Phase 1: Founder-Led (Pre-PMF)
Before product-market-fit, the founder must personally acquire every user:
- Manual recruitment: Go door-to-door, email by email, demo by demo
- The Collison Installation: Don’t send a link — set people up on the spot (Stripe)
- Concierge onboarding: Personally help each user get value from the product
- Community infiltration: Go where your users are (Pinterest’s founder at design blogger conferences)
The goal is not scale — it’s learning. Every conversation teaches you about your customer.
Phase 2: Founder-Led Sales (Post-PMF)
Once you have PMF, founders should still lead sales before hiring a team:
The 3Ws Framework
- Why Buy Anything? — Is the pain severe enough to motivate change?

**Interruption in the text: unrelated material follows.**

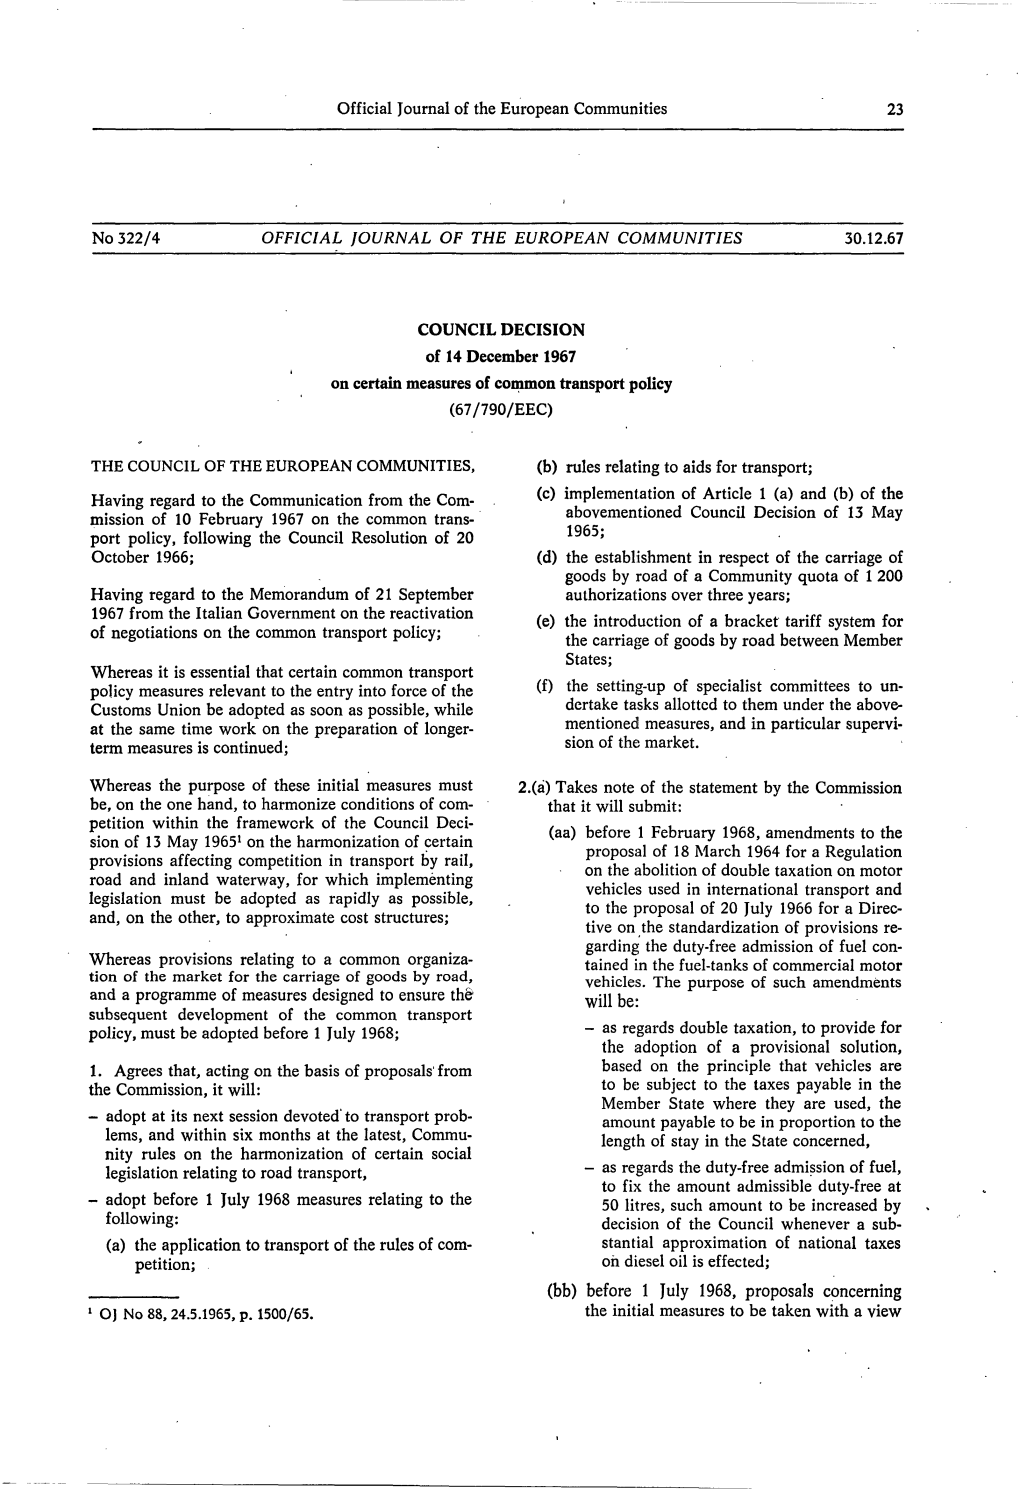 Before 1 July 1968, Proposals Concerning 1 OJ No 88, 24.5.1965, P
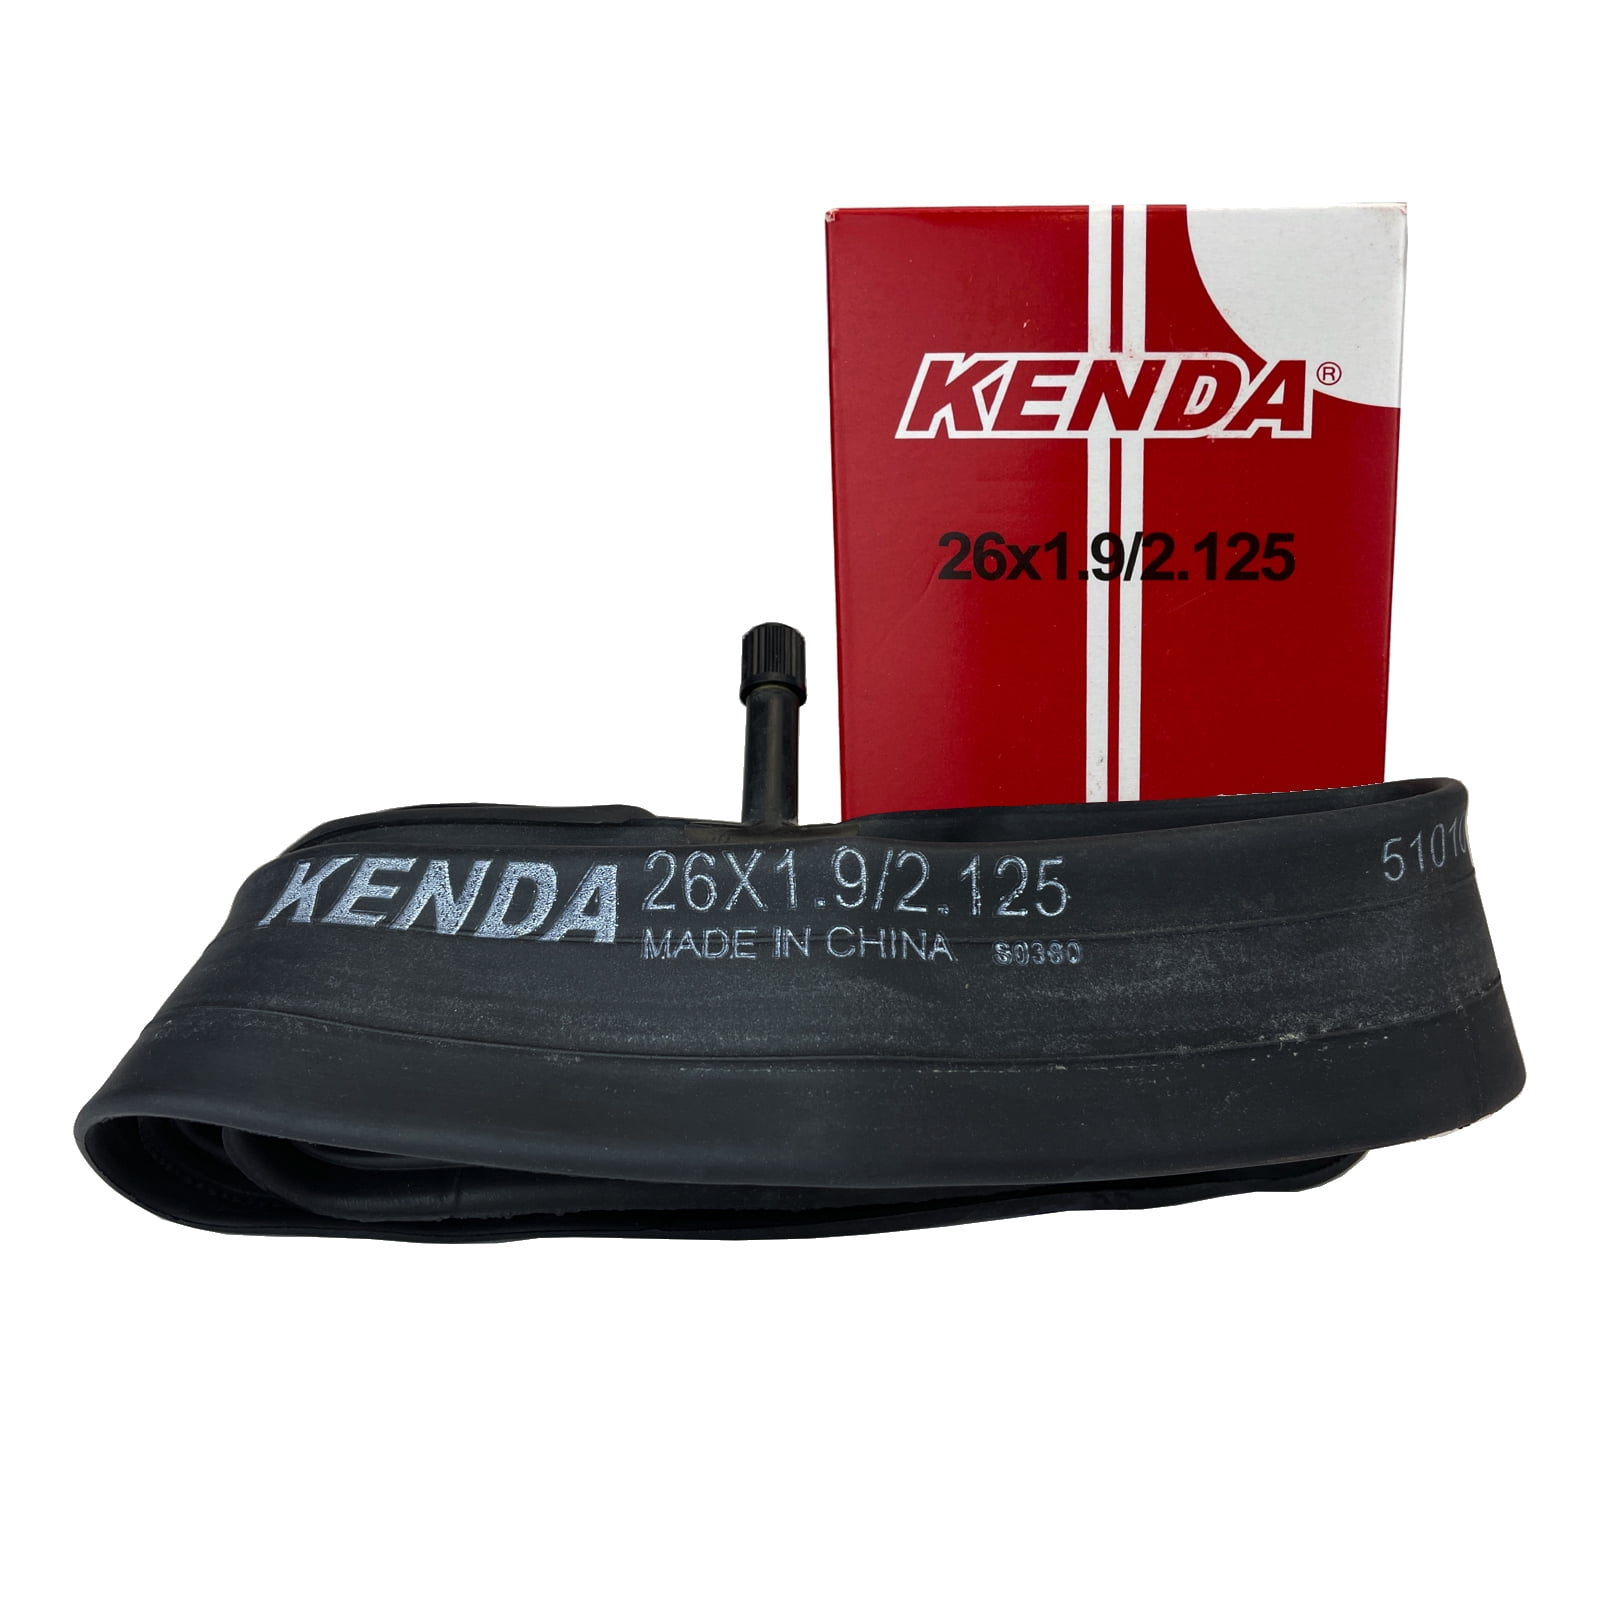 KENDA Bike Bicycle Tyre Butyl Inner Tube Presta/Schrader Valve # Multi Sizes

- Why Buy Us? — What makes your solution better than alternatives?
- Why Buy Now? — What creates urgency?
Practical Advice
- Base conversations in empathy, not manipulation
- Disqualify aggressively — focus on prospects who will actually close
- Avoid premature product demos; ask discovery questions first
- Track deals like engineering problems (20% = answered 3Ws, 50% = action plan)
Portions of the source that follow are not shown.